Personal information
- Full name: Clyde Acle Swendsen
- Born: May 25, 1895 Port Townsend, Washington, U.S.
- Died: December 1, 1979 (aged 84) Ventura, California, U.S.
- Height: 170 cm (5 ft 7 in)

Sport
- Sport: Diving
- Club: Los Angeles Athletic Club

= Clyde Swendsen =

American diver and coach

Clyde Acle Swendsen (May 25, 1895 – December 1, 1979) was an American diver, water polo player and coach.
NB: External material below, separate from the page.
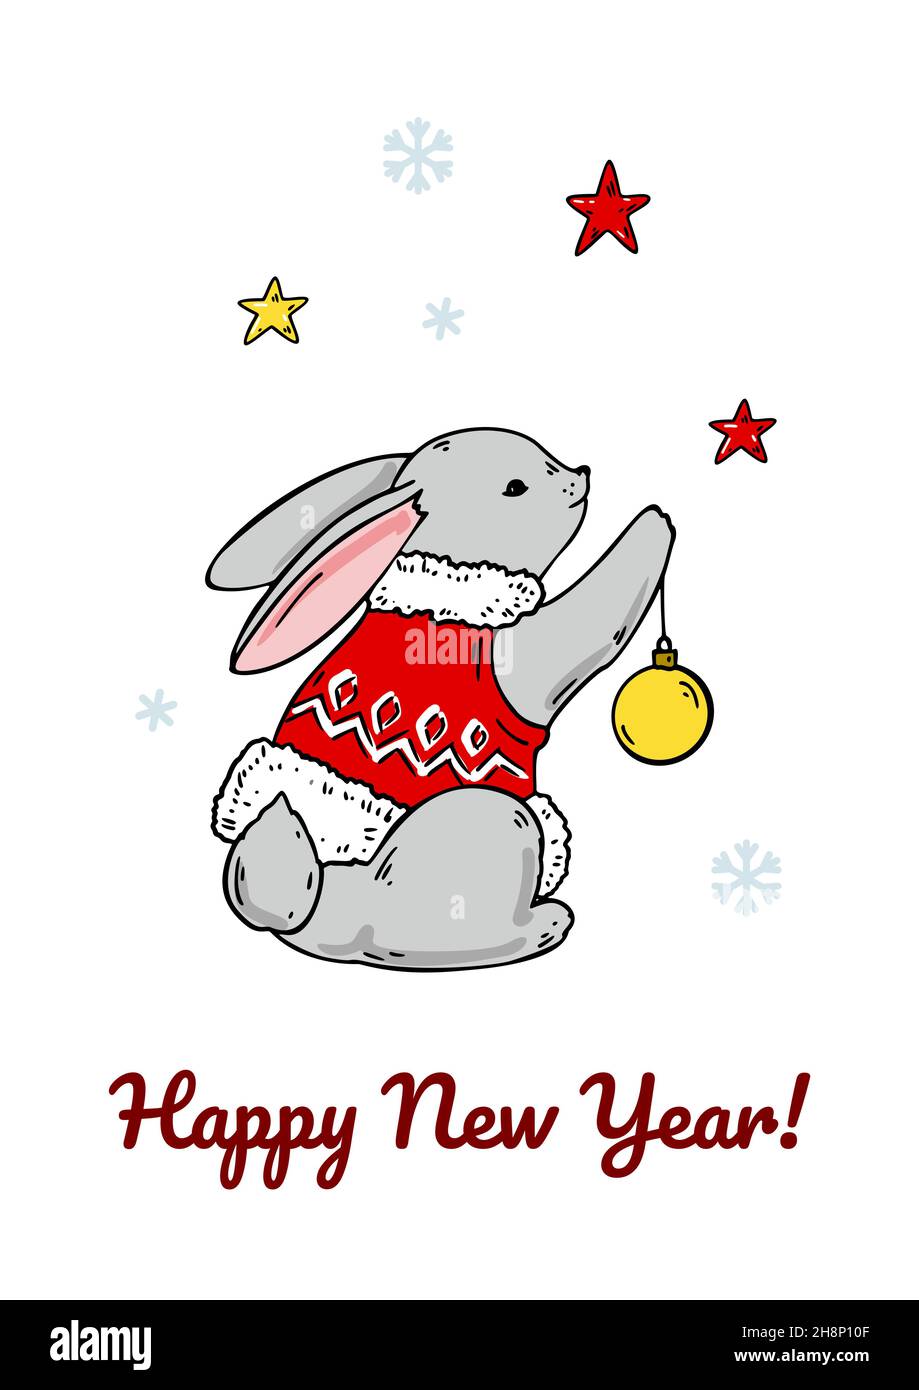 Vertical Joyeux Noël et bonne année carte de voeux avec un joli lapin.Illustration vectorielle dessinée à la main Illustration de Vecteur

He won the AAU titles in the 10 m platform in 1918 and the springboard in 1919–20 and competed at the 1920 Summer Olympics. After the Olympics, he had a long career as a diving, swimming and water polo coach. He trained 17 Olympians including Frank Kurtz, Vicki Draves, Elizabeth Becker-Pinkston, Dorothy Poynton-Hill, Harold Smith, Buster Crabbe and Johnny Weissmuller.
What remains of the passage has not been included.